Starting a business can be daunting and can seem financially out of reach. Fortunately, there are loans specifically available to help small businesses reach goals and access important resources. Here’s a guide to help you get started:
What is an SBA 7(a) Loan?
Lenders, like Wasatch Peaks, partner with the Small Business Association (SBA) to offer loan programs to help small businesses. These funds can be used in a variety of ways to reach long-term goals and help the business succeed. There are different types of specific SBA 7(a) loans to accommodate a range of businesses, including the SBA microloan program that specifically helps startups and early-stage businesses.
Before applying for the loan, you’ll need to calculate the amount that you need to borrow. This will include business expenses like rent, payroll, and product costs, along with any costs related to permits, fees, and licensing.
If you don’t already have a business plan written out, you’ll then need to write out your business plan in detail. Identify production and marketing strategies, cost and pricing, challenges you may face, and any other aspects that could help show that you have thoroughly thought through your business model and have a plan for at least the first year of business.
Apply and Qualify
To apply for an SBA 7(a) loan, you’ll need to fill out an application and submit your business plan. You may also need to supply tax returns, collateral, any contracts or agreements, income statements, and applicable licenses and permits. These documents will be utilized to verify and assess different parts of the business.
Because this type of loan is so popular, it can also be more competitive to qualify for it. Typically, SBA loans are approved by the lender, with the approval process taking into account a variety of factors. Most borrowers will need to have a good personal credit score or be able to provide information about several years of revenue to verify their history and credit worthiness.
Not all businesses will be eligible to receive loans from the SBA. While there are other restrictions that may make a business ineligible, the SBA lists the following as eligibility requirements:
- Operate for profit
- Be considered a small business, as defined by the SBA
- Be engaged in, or propose to do business in, the United States or its possessions
- Have reasonable invested equity
- Use alternative financial resources, including personal assets, before seeking financial assistance
- Be able to demonstrate a need for a loan
- Use the funds for a sound business purpose
- Not be delinquent on any existing debt obligations to the U.S. government
Using the Loan
The SBA enables lenders to provide loans like the 7(a) loan to help small businesses reach their goals. This means that you can use a 7(a) SBA loan for long-term goals like commercial real estate projects, business expansion or acquisition, leasehold improvement for new construction or remodeling, inventory and equipment, working capital and debt refinancing.

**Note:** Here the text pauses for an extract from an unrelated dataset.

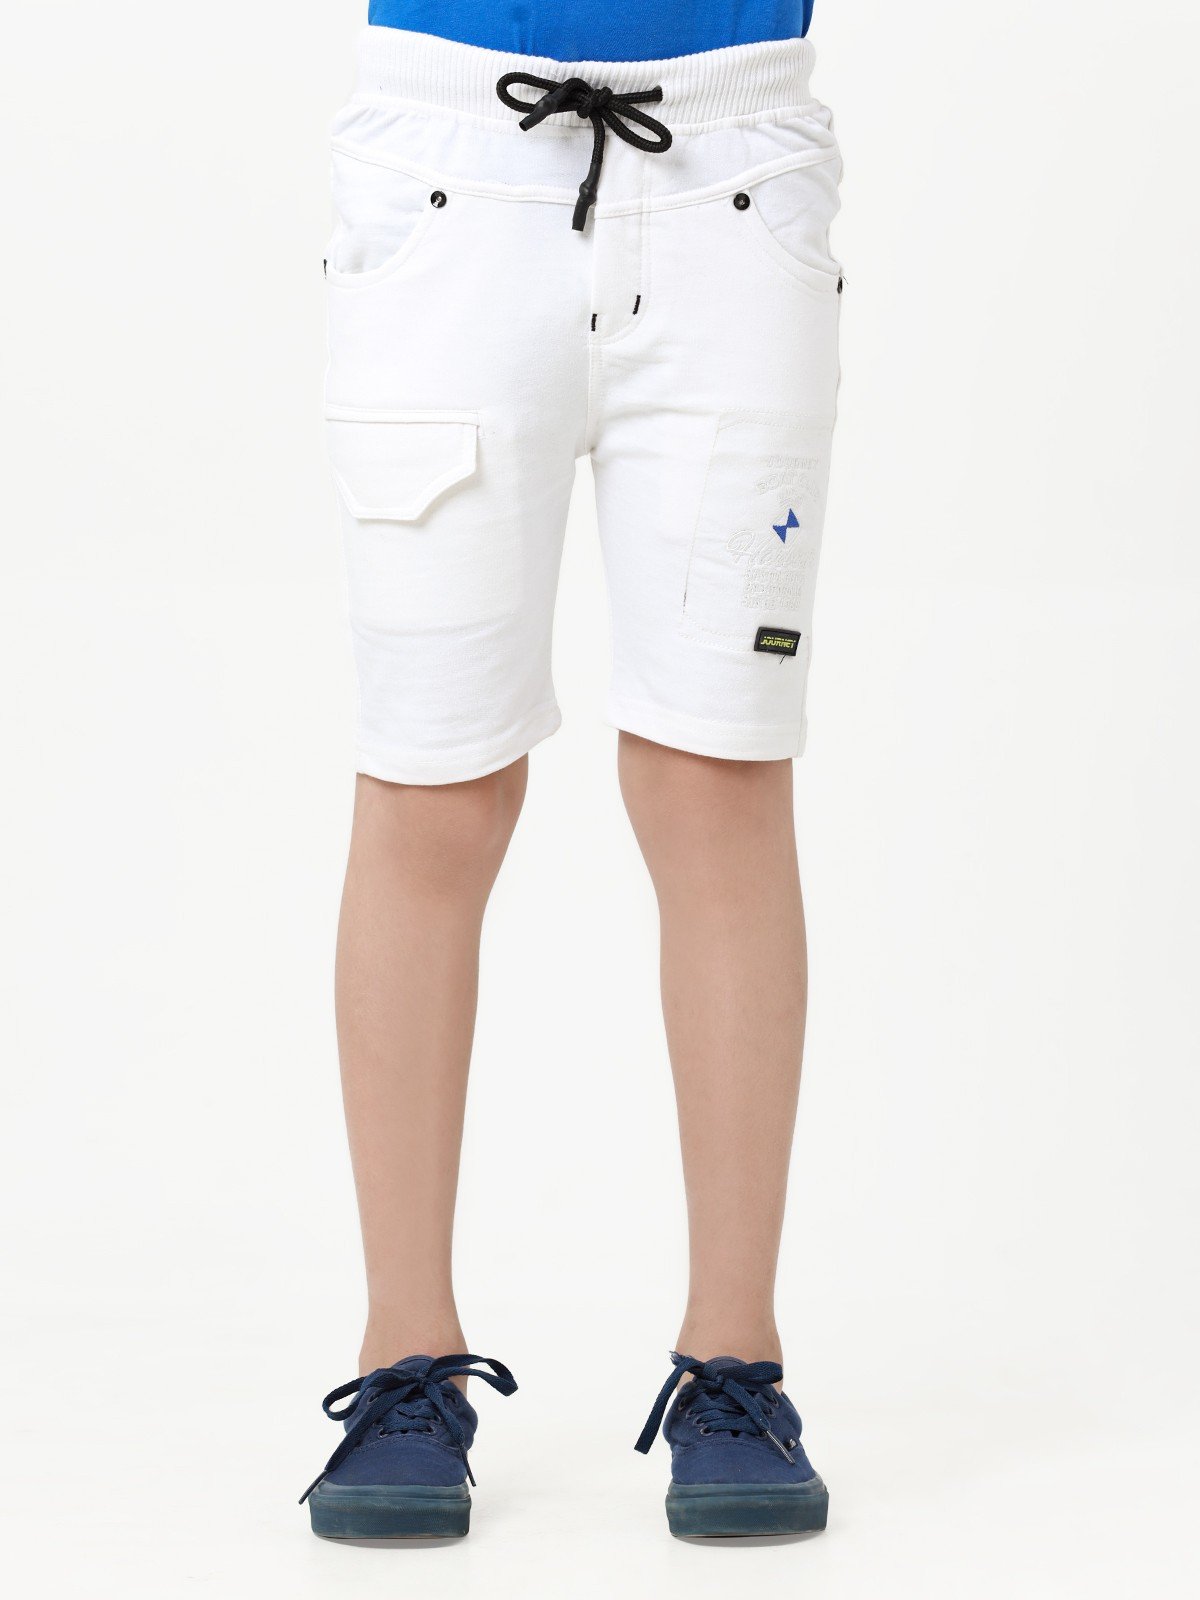 Boy's White Shorts - EBBSK23-026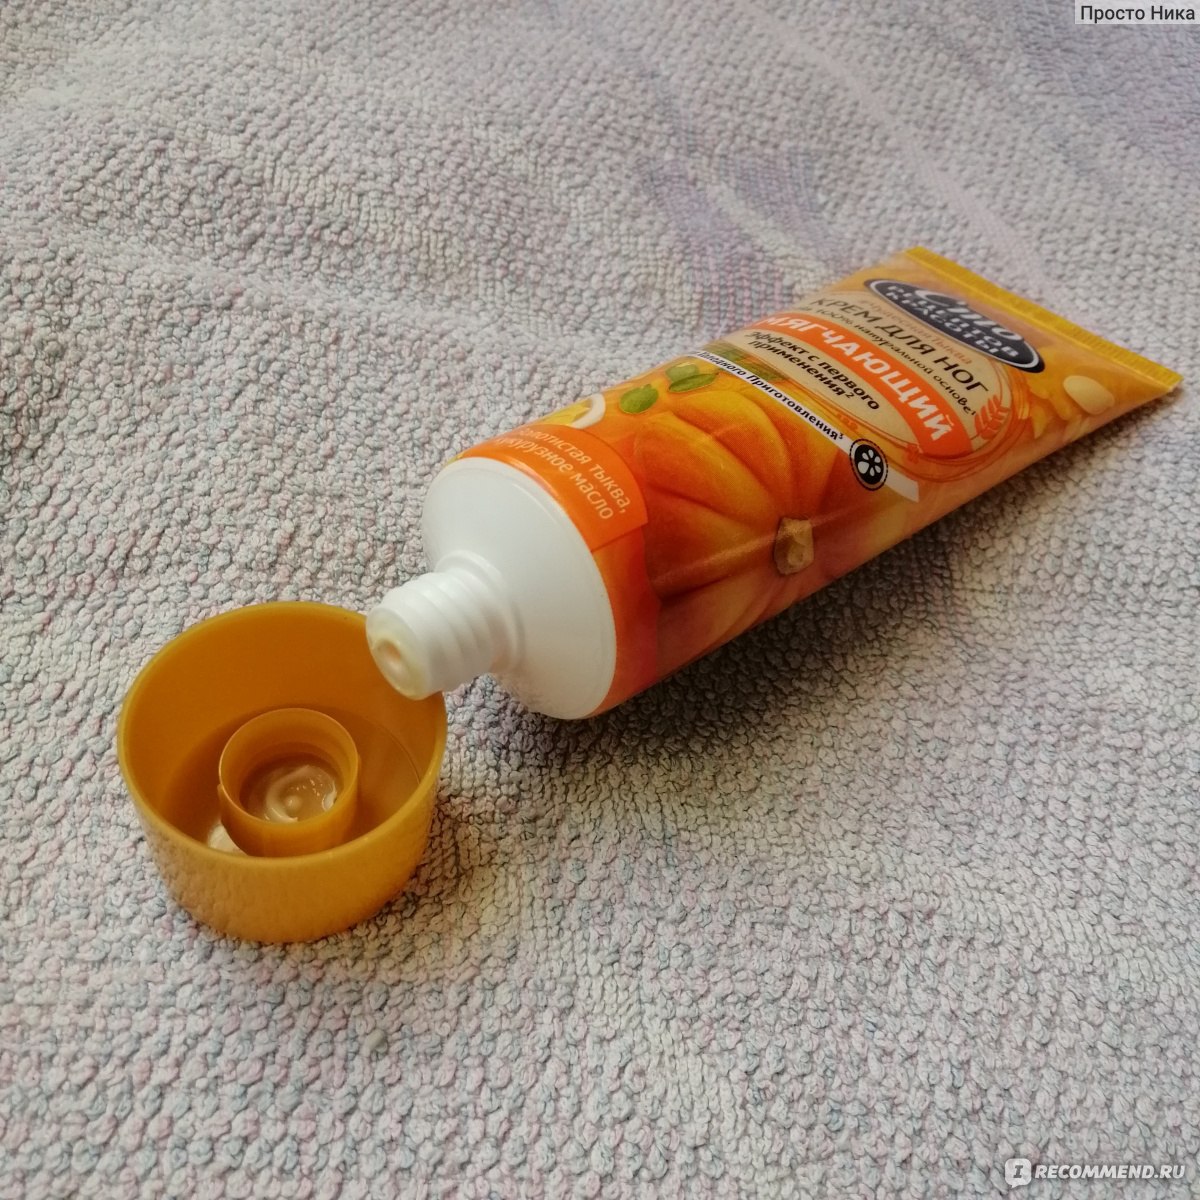 Оранжевый тюбик. Крем для ног оранжевый тюбик. Крем для лица в оранжевом тюбике. Маска для волос оранжевый тюбик.

The majority of 7(a) loans have a repayment schedule with monthly payments that cover principal and interest. Some 7(a) loans are fixed-rate loans, while others are variable rate loans. The fixed-rate loans will have a consistent payment amount, while variable rate loan payments can fluctuate with the interest rate changes.
Your dreams and goals for your small business may be much more do-able than you previously thought. Once you qualify for an SBA 7(a) loan, you can build your business and start working towards your long-term business goals.